◆ What this task involves:
Range to output from the entries below: the line containing "The Gallery Cat" through the line containing "NOMAD COSMETICS NOMAD". Set it down exactly, ends included, nothing else.

◆ Records for this task:
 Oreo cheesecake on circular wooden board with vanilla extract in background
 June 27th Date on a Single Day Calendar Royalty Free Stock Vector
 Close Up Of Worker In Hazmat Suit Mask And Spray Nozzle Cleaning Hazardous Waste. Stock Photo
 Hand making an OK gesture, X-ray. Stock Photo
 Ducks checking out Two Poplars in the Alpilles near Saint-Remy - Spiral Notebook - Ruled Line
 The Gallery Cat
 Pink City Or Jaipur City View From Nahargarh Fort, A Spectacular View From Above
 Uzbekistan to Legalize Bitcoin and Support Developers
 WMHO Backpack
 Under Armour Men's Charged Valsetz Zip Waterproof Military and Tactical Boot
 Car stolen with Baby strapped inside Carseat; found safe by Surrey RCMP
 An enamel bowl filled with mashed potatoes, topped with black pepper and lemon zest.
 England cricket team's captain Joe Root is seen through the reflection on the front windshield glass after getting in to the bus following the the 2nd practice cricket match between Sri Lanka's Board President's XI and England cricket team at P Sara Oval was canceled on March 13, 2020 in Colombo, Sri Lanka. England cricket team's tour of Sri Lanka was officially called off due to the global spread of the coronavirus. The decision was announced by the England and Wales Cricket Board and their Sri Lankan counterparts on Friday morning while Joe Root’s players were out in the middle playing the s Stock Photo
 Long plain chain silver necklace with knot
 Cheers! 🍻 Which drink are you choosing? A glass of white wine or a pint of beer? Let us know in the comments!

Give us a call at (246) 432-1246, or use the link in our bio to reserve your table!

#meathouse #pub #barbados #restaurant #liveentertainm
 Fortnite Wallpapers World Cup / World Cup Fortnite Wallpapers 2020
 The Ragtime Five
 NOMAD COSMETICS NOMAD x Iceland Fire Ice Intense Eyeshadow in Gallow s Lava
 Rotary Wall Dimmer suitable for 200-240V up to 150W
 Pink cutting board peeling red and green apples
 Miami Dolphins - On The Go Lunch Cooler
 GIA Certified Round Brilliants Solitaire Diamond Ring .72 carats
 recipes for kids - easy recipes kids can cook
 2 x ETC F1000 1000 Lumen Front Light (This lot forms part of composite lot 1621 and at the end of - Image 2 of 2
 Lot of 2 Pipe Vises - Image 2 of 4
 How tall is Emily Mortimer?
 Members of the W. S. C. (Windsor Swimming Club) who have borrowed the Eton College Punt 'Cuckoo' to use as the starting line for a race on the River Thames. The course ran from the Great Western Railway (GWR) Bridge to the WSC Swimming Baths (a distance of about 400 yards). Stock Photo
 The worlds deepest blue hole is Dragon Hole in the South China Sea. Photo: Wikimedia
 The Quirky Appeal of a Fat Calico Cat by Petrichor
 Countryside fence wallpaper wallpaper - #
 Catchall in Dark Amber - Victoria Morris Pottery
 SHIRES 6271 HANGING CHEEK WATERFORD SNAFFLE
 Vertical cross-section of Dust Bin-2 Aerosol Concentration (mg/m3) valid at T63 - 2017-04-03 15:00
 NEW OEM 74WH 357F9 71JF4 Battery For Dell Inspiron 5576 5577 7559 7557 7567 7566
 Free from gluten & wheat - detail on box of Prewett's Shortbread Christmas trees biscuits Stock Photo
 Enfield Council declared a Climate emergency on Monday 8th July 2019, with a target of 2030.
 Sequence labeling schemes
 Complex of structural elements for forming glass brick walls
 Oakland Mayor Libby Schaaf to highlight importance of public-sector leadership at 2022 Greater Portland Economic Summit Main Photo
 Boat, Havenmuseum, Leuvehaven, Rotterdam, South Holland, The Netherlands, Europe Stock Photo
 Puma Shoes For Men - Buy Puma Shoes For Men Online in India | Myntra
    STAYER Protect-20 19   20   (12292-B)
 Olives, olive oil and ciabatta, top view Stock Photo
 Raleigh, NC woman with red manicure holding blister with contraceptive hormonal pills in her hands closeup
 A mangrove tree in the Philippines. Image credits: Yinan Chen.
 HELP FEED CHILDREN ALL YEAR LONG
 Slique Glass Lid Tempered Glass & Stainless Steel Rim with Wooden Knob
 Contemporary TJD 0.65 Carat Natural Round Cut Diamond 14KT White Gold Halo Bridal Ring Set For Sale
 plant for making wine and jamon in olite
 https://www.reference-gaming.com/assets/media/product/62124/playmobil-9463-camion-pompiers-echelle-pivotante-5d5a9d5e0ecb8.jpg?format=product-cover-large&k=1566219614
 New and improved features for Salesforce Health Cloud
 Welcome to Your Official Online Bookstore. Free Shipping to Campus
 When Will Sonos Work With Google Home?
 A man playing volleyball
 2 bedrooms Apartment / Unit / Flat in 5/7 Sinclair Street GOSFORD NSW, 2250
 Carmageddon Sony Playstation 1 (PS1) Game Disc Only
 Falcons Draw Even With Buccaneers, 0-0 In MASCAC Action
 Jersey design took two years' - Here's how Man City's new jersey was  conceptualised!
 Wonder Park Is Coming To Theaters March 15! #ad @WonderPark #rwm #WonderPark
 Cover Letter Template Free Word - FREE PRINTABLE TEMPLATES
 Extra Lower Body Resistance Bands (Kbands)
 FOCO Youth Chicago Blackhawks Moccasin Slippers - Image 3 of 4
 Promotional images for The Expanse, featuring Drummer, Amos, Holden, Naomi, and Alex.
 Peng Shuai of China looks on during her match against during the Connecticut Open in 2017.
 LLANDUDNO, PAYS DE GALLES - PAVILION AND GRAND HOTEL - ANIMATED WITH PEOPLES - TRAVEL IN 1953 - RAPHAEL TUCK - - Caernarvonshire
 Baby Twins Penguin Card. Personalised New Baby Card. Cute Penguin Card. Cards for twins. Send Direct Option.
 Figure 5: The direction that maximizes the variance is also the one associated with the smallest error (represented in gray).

◆ Answer box:
 The Gallery Cat
 Pink City Or Jaipur City View From Nahargarh Fort, A Spectacular View From Above
 Uzbekistan to Legalize Bitcoin and Support Developers
 WMHO Backpack
 Under Armour Men's Charged Valsetz Zip Waterproof Military and Tactical Boot
 Car stolen with Baby strapped inside Carseat; found safe by Surrey RCMP
 An enamel bowl filled with mashed potatoes, topped with black pepper and lemon zest.
 England cricket team's captain Joe Root is seen through the reflection on the front windshield glass after getting in to the bus following the the 2nd practice cricket match between Sri Lanka's Board President's XI and England cricket team at P Sara Oval was canceled on March 13, 2020 in Colombo, Sri Lanka. England cricket team's tour of Sri Lanka was officially called off due to the global spread of the coronavirus. The decision was announced by the England and Wales Cricket Board and their Sri Lankan counterparts on Friday morning while Joe Root’s players were out in the middle playing the s Stock Photo
 Long plain chain silver necklace with knot
 Cheers! 🍻 Which drink are you choosing? A glass of white wine or a pint of beer? Let us know in the comments!

Give us a call at (246) 432-1246, or use the link in our bio to reserve your table!

#meathouse #pub #barbados #restaurant #liveentertainm
 Fortnite Wallpapers World Cup / World Cup Fortnite Wallpapers 2020
 The Ragtime Five
 NOMAD COSMETICS NOMAD x Iceland Fire Ice Intense Eyeshadow in Gallow s Lava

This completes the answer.